New Delhi, The Supreme Court on Friday sought the Enforcement Directorate’s response on beleaguered industrialist Vijay Mallya’s plea challenging the proceedings before a Mumbai court seeking to declare him a fugitive economic offender and attach his assets.
Issuing notice to the ED and the Maharashtra government, a bench of Chief Justice Ranjan Gogoi and Justice Sanjay Kishan Kaul, however, did not put on hold the proceedings before the Mumbai Special court against Mallya under the Fugitive Economic Offenders Act.
Senior counsel Fali Nariman, who appeared for Mallya, said that any such declaration would directly affect the rights of the various parties including the lending banks who are seeking the recovery of their money given to now grounded Kingfisher airlines.
Mallya has challenged the November 22, 2018 order of Bombay High Court rejecting his plea on the preliminary grounds that the October 30 order of the Special Court under the Prevention of Money Laundering Act, 2002 (PML Act) was not appealable under Section 17(1) of the Fugitive Economic Offenders Act (FEO Act).
The High Court had said that the October 30 order of the Special Court under the Prevention of Money Laundering Act, 2002 and the Fugitive Economic Offenders Act could not be appealed under the FEO Acty as the Special Court had not decided any issue or determined any right of Mallya.

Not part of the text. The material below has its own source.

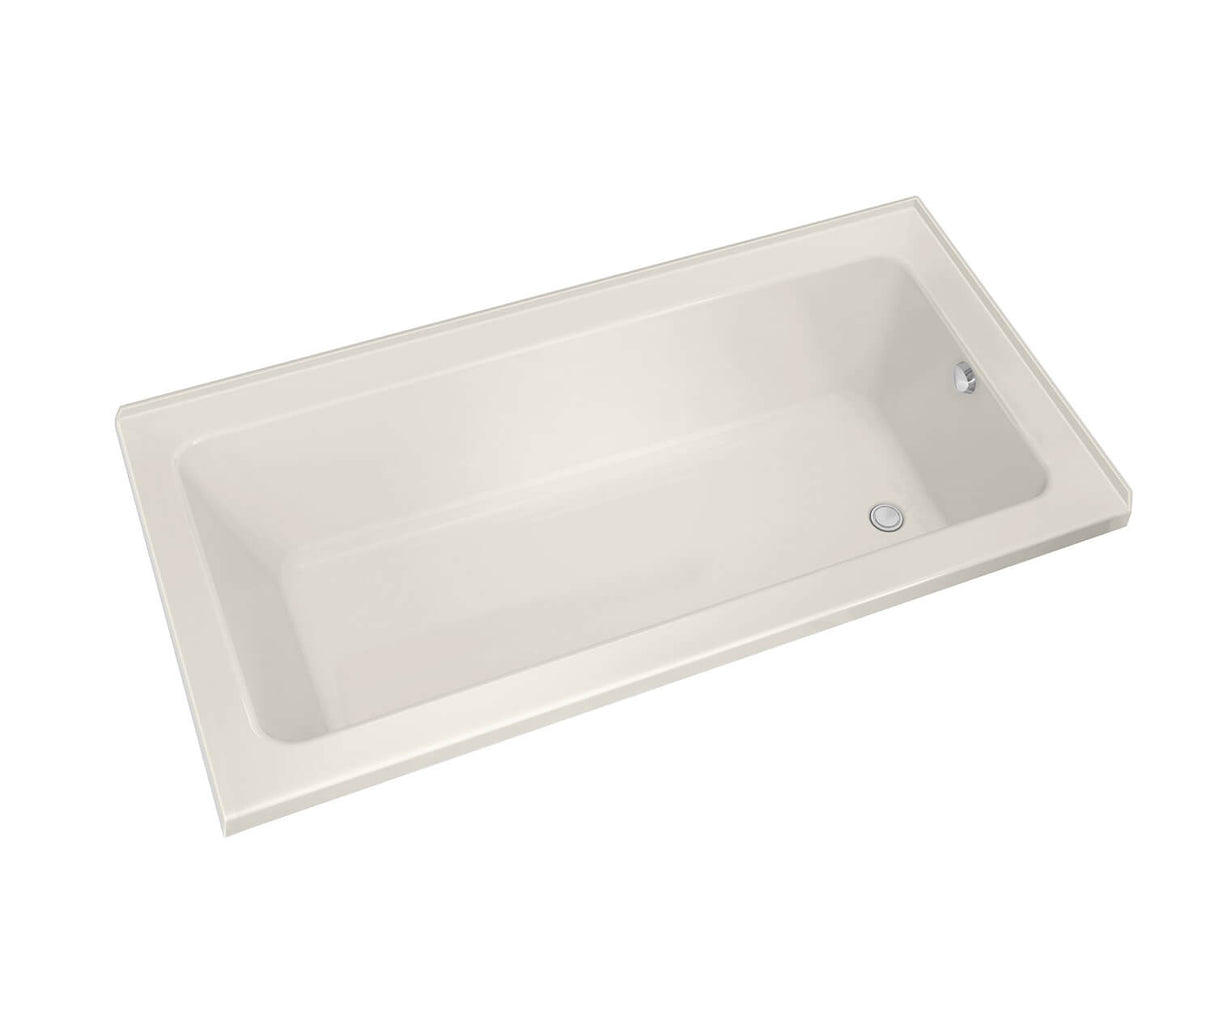 MAAX 106206-R-103-007 Pose 6632 IF Acrylic Corner Right Right-Hand Drain Aeroeffect Bathtub in Biscuit

Mallya in his petition has said that the Bombay High Court should have given primacy to the determination of a question whether he was in possession of any “proceeds of crime”, which he contended could only be decided in the “earlier proceedings pending before the appellate tribunal”.
“The dismissal of stay application amounts to determination of an issue, apart from adversely affecting the petitioner’s rights,” Mally said in his appeal against the High Court order.

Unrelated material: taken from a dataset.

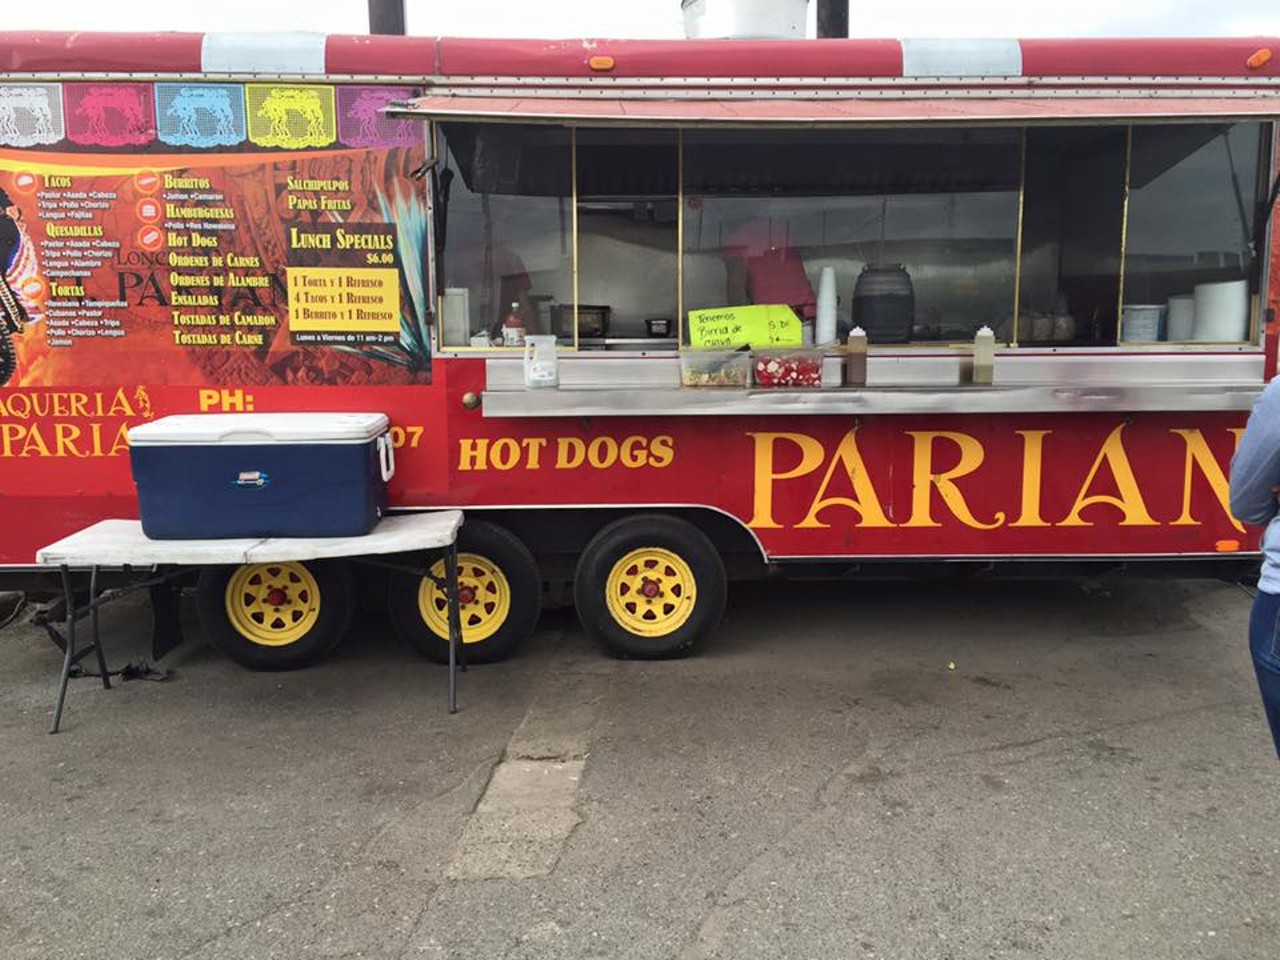 El Parian
Chorizo taco with pickled onion and jalape&ntilde;o garnish? Get your ass to this food truck now! (Photo via Facebook user Reggie Williams)

The appeal further contended that the declaration that Mallya was “an alleged fugitive economic offender could not be viewed in vacuum and in disjunction from the issue of confiscation of properties/assets under FEO Act”.
It contended that “an order declaring Mallya as an alleged “fugitive economic offender” and thereafter not proceeding to order confiscation of his properties/assets would amount to passing an order in futility.
The appeal has said that the High Court had failed to appreciate that all the assets and properties of which confiscation was sought were the subject matter of proceedings initiated by ED under PMLA and the probe agency was already in possession of them.
The Directorate of Enforcement in July moved the Special Court under the PML Act seeking to declare Mallya as a “fugitive economic offender” under the Fugitive Economic Offenders’ Act, 2018, and confiscate his assets worth around Rs 12,500 crore.